Showing horns under right front fender.
Is the horn out of adjustment?
At this point it will
probably be easier to work if you remove the horns.Leave the wires off and use your
10mm socket to remove the bolts holding them in place.You can remember how they
attached, but it will be easy to figure out when you have to put them back.
- Get out your multimeter and check
for continuity between the terminals. There is no polarity to the terminals
so you don’t have to worry about positive or negative. If your multimeter
has a continuity beep it helps to make this easier so you don’t have to
watch the readout.
- If you get continuity and some resistance
(approx 2-3 ohm, but the amount of ohms is really not too important,
continuity is) then you are close to getting it to work. It is probably
out of adjustment and you will need to adjust it until you get to where
the horn will sound. You will need to turn the 7mm bolt on the back of the
case counterclockwise until you get no continuity, then turn a quarter
turn clock wise.You should get the continuity and resistance
back.Reconnect the horn and test (You can hook up some wires to a 12v
source, like your battery, be careful.Horns draw about 8 amps so you need a
powerful battery to get them to work, household batteries won’t do it); it
should sound.You can continue to adjust the bolt to get the best (loudest)
If you have no continuity
you can try this adjustment, but it will most likely not work – continue to
turn the bolt clockwise until you get continuity, then turn it back a
quarter.If this fails proceed to the next step “Is there a continuity problem within
Is there a continuity problem within the horn?
It appears that you have a
broken circuit in your horn.But there is one more thing you can try before
opening up the case.You could try to clean up the contacts on the outside.If
you look at picture #2 you can see that the spade terminals and nuts are prone
to rust.You can see here some of the rust that was present on one of the
terminals.I used a 6mm socket to remove the nut and pulled out the terminal.I
used some sandpaper on both terminals and their nuts to clean them up.On this
terminal the corrosion was a problem, but there was also a problem on the
Picture #2 the
contacts on the outside with one terminal removed.
If that doesn’t do it, then
you will have to open up your horn.At this point it would help to understand
how a horn works.Power comes into the horn at one terminal and travels to a
pair of contacts similar to those found in old distributors.The electricity
goes through the contact points and then to one coil and on to another coil.The
power then goes out the other contact.These coils act as an electromagnet that
pulls the diaphragm down.The diaphragm is pulled down until the point that
extends from it pushes down on one of the contacts, which disrupts the
circuit.When the circuit is disrupted the power to the electromagnets stops and
the diaphragm moves back up – moving air.It will reach the place where the
point will release the contact that will re-energize the circuit, pulling the
diaphragm back down again.This will happen rapidly and the air movement will
travel out the different sized horns to produce the different tones.The
adjustment bolt adjusts the contact gap, which you want to optimize to produce
the most volume.
- Remove the 4 screws on the back of the horn.

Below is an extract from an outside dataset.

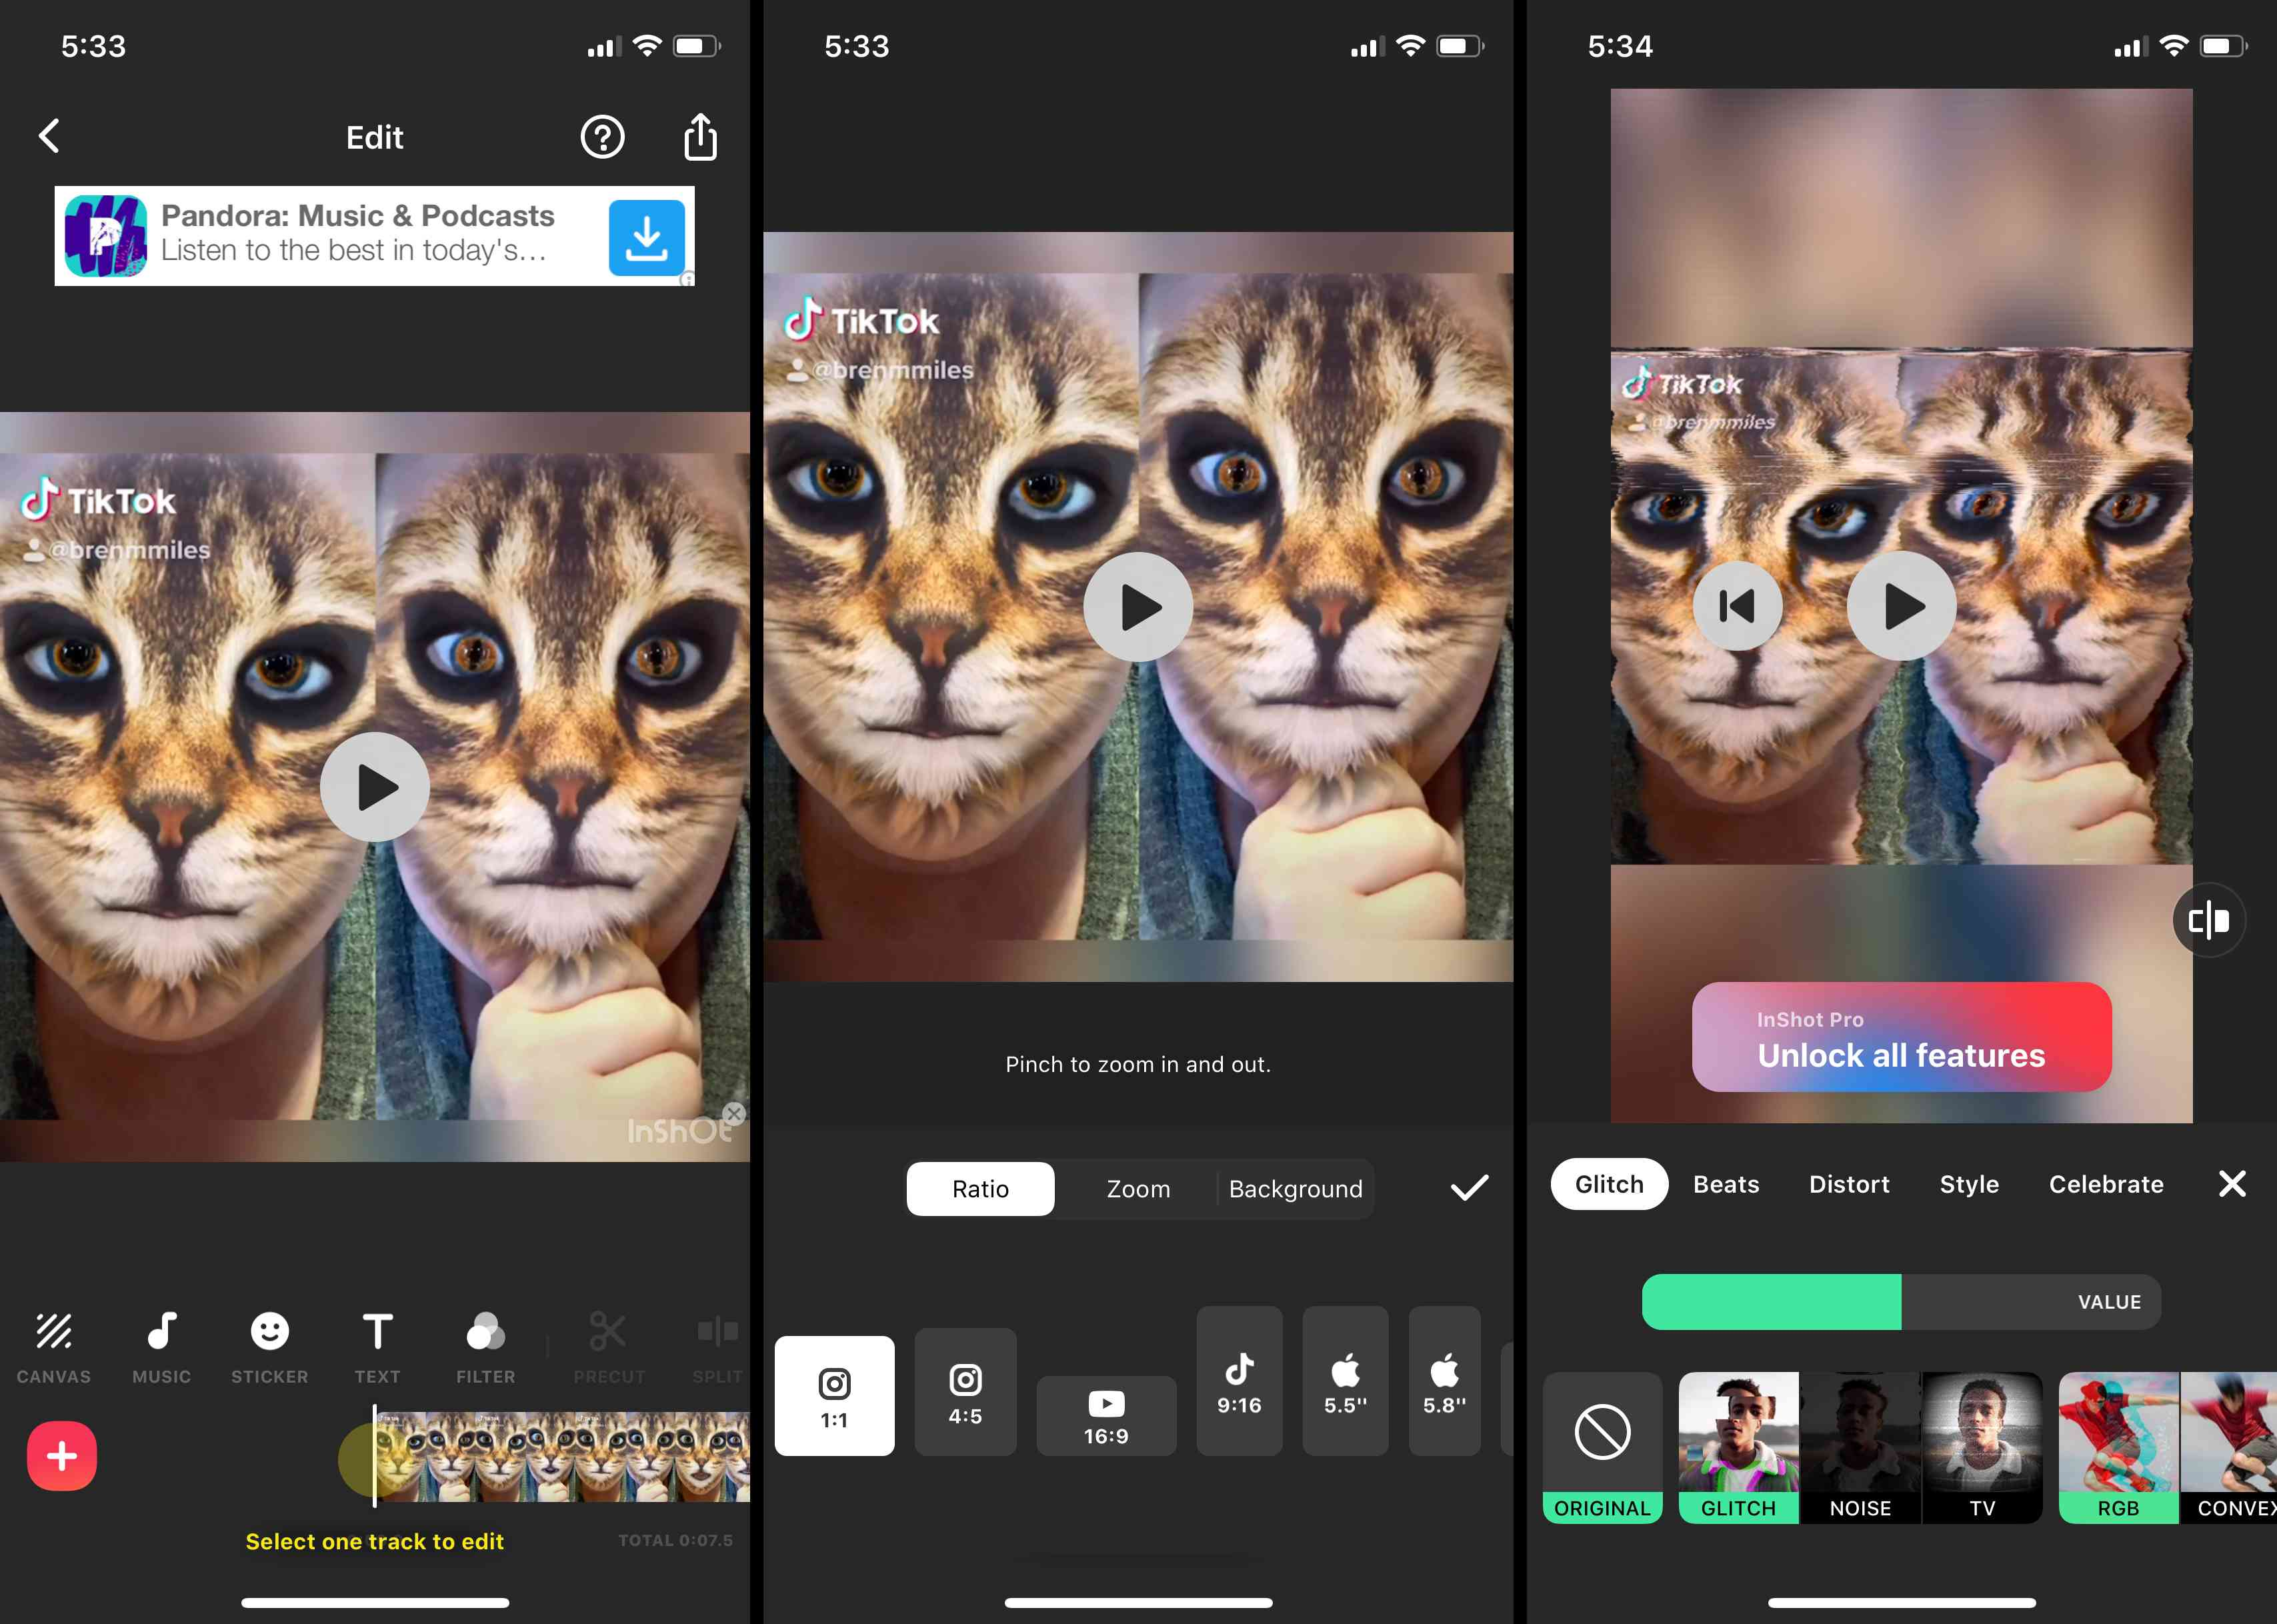 Screenshots of the InShot app.

When it comes apart you will see that there are paper gaskets between the
back and the diaphragm and between the diaphragm and the horn. Be careful
with the paper gaskets, and set them aside.
- Now that it is apart you should start by doing a
continuity test between outside spade terminals and inside posts. The
inside posts are shown in photo #3. I have circled the posts in red.
Connect one lead to the outside terminal and its matching post. If no
continuity, then go back to the outside of the case, remove with a 6mm
socket the nut and get the spade terminal out to clean up with some
- Next checking for continuity
between the two posts. This will probably show that you have a break in
the circuit. This is commonly caused by a problem with the contact points.
You can try to get some sandpaper between them and clean them, but I found
just taking them out was easier than it may appear. If you do attempt to
clean the points, turn the adjustment bolt so that it is just threaded and
the top contact is all the way up. Then reach down between the points with
some sandpaper and clean them while they are spread. This isn’t easy.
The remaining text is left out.